The plot is slightly left-skewed. The peak is around pH of 8.5. There is
also an outlier around 9.4 but it is very minor.
#Distribution Brand Code plot
ggplot(training_df, aes(x = `Brand Code`)) +
geom_bar() +
theme_minimal() +
labs(title = "Distribution by brand code", x = "Brand code", y = "Count")
Brand B appears the most often in this dataset.
# Boxplot of pH by brand
brand_df <- training_df %>%
filter(!is.na(`Brand Code`))
ggplot(brand_df, aes(x = `Brand Code`, y = PH, fill = `Brand Code`)) +
geom_boxplot() +
theme_minimal() +
labs(title = "Boxplot of pH by brand code", x = "Brand code", y = "pH")
## Warning: Removed 4 rows containing non-finite outside the scale range
## (`stat_boxplot()`).
Brand B has the highest pH while brand C has the lowest.
gg_miss_var(training_df, show_pct = TRUE)
There are several variables with missing data. MFR is the highest at 8%.
The other variables are much lower and can be imputed.
# Histograms of distribution (numeric variables)

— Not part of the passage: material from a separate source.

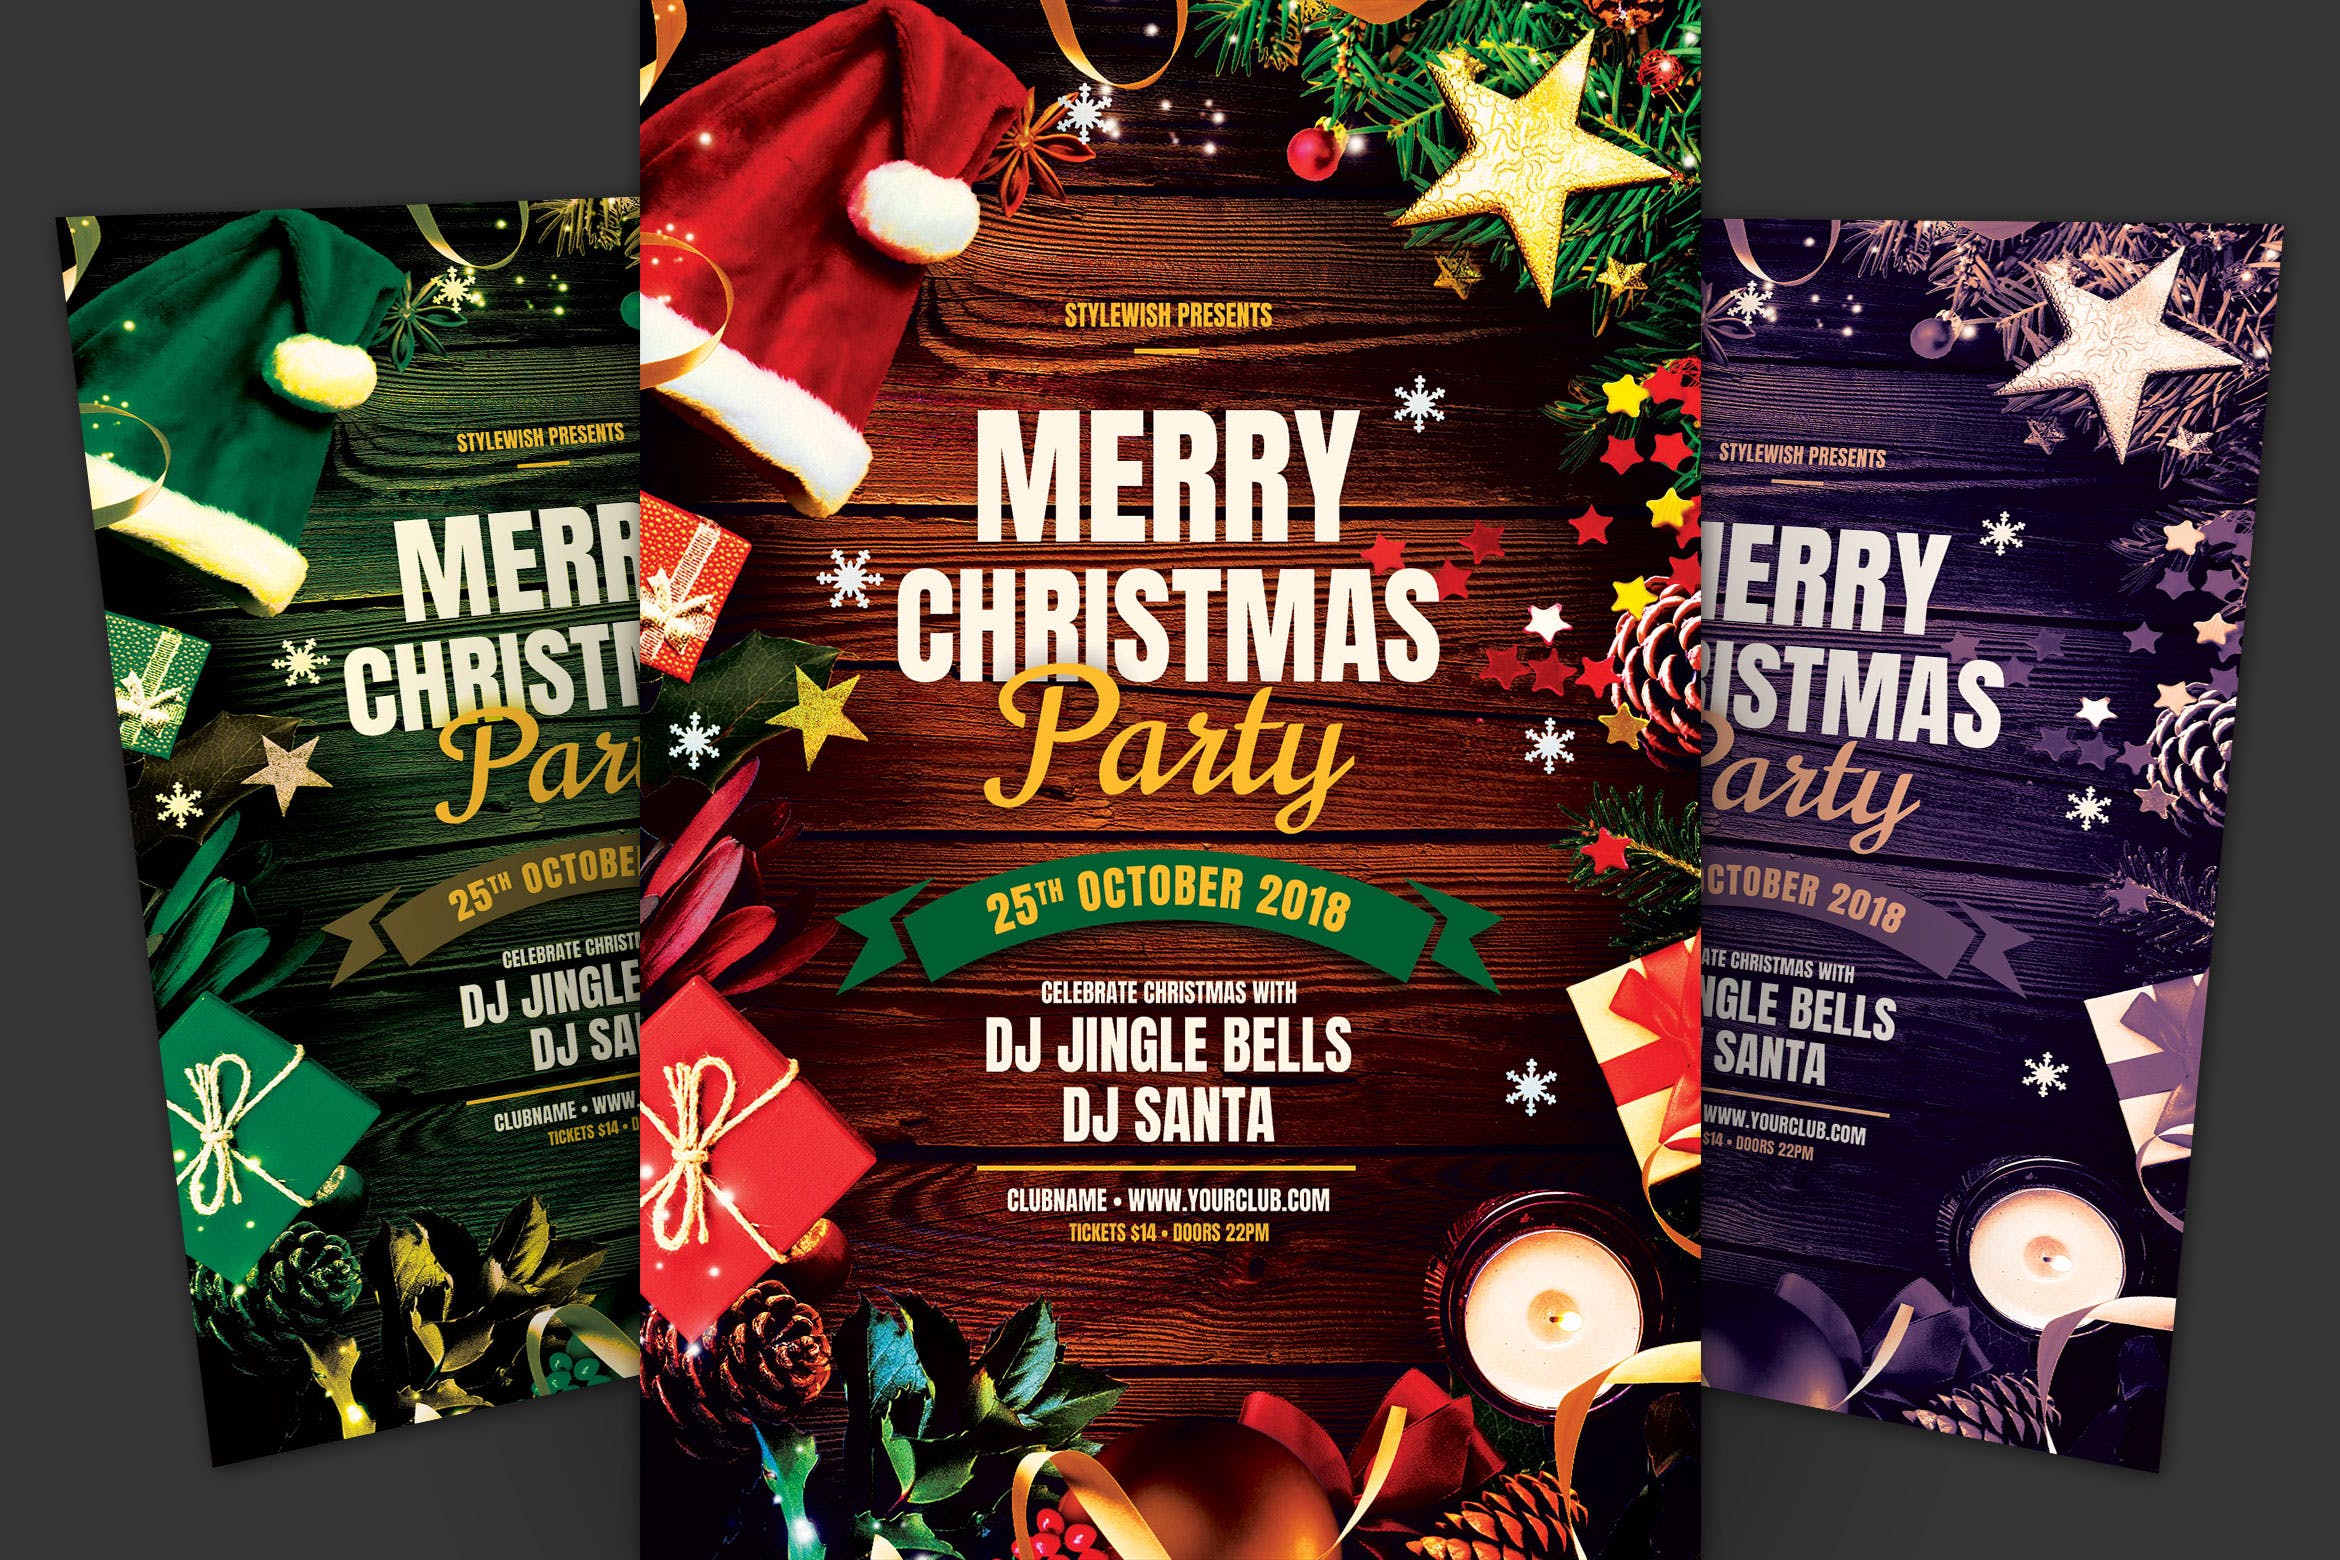 浓厚节日氛围圣诞节庆祝活动海报传单设计模板 Merry Christmas Party Flyer插图

plot_num(training_df, bins = 10)
There are several variables with outliers. The outliers in Mnf Flow, Hyd
Pressure 1, Hyd Pressure 2 and Hyd Pressure 3 look particularly
significant so those will be investigated further.

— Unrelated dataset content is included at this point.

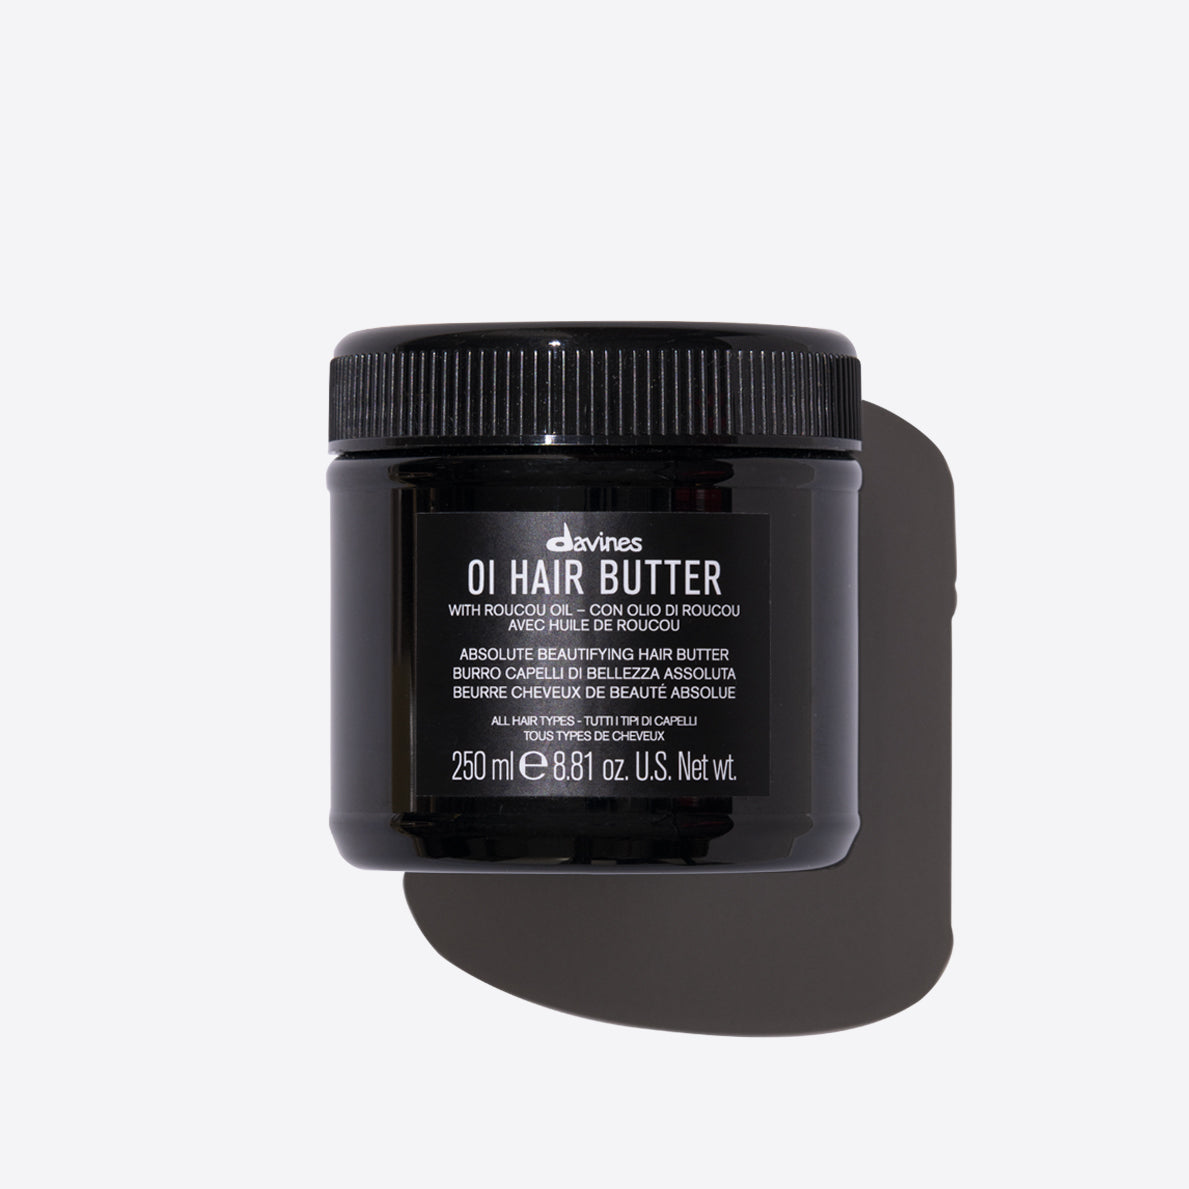 OI Hair Butter 1  250 ml / 0 fl.oz.Davines

This variable appears interesting based on the summary stats. It seems odd to me that manufacturing flow would yield a negative value and it seems significant based on the histogram.
# Mnf Flow
mnf_df <- training_df |>
select(PH, `Mnf Flow`) |>
drop_na() |>
filter(`Mnf Flow` < 0)
skim(mnf_df)
| Name | mnf_df |
| Number of rows | 1183 |
| Number of columns | 2 |
| _______________________ | |
| Column type frequency: | |
| numeric | 2 |
| ________________________ | |
| Group variables | None |
Variable type: numeric
| skim_variable | n_missing | complete_rate | mean | sd | p0 | p25 | p50 | p75 | p100 | hist |
|---|---|---|---|---|---|---|---|---|---|---|
| PH | 0 | 1 | 8.63 | 0.16 | 8.08 | 8.54 | 8.66 | 8.74 | 9.36 | ▁▃▇▁▁ |
| Mnf Flow | 0 | 1 | -100.10 | 0.10 | -100.20 | -100.20 | -100.00 | -100.00 | -100.00 | ▇▁▁▁▇ |
# % of values <0
training_df |>
select(`Mnf Flow`) |>
drop_na() |>
mutate(group = ifelse(`Mnf Flow` < 0, "< 0", "> 0")) |>
group_by(group) |>
summarise(
n = n(),
percentage = round(n() / nrow(drop_na(select(training_df, `Mnf Flow`))) * 100, 1))
# Unique values
training_df |>
filter(`Mnf Flow` < 0) |>
distinct(`Mnf Flow`) |>
arrange(`Mnf Flow`)
Based on the additional statistics, we can see that values below 0 consist only of -100 and -100.2. These values also make up a significant proportion of the dataset, accounting for about half of all observations. This is unusual compared to the rest of the data, suggesting that these values likely represent missing or invalid data. Therefore, for the purposes of this assignment, they should be imputed.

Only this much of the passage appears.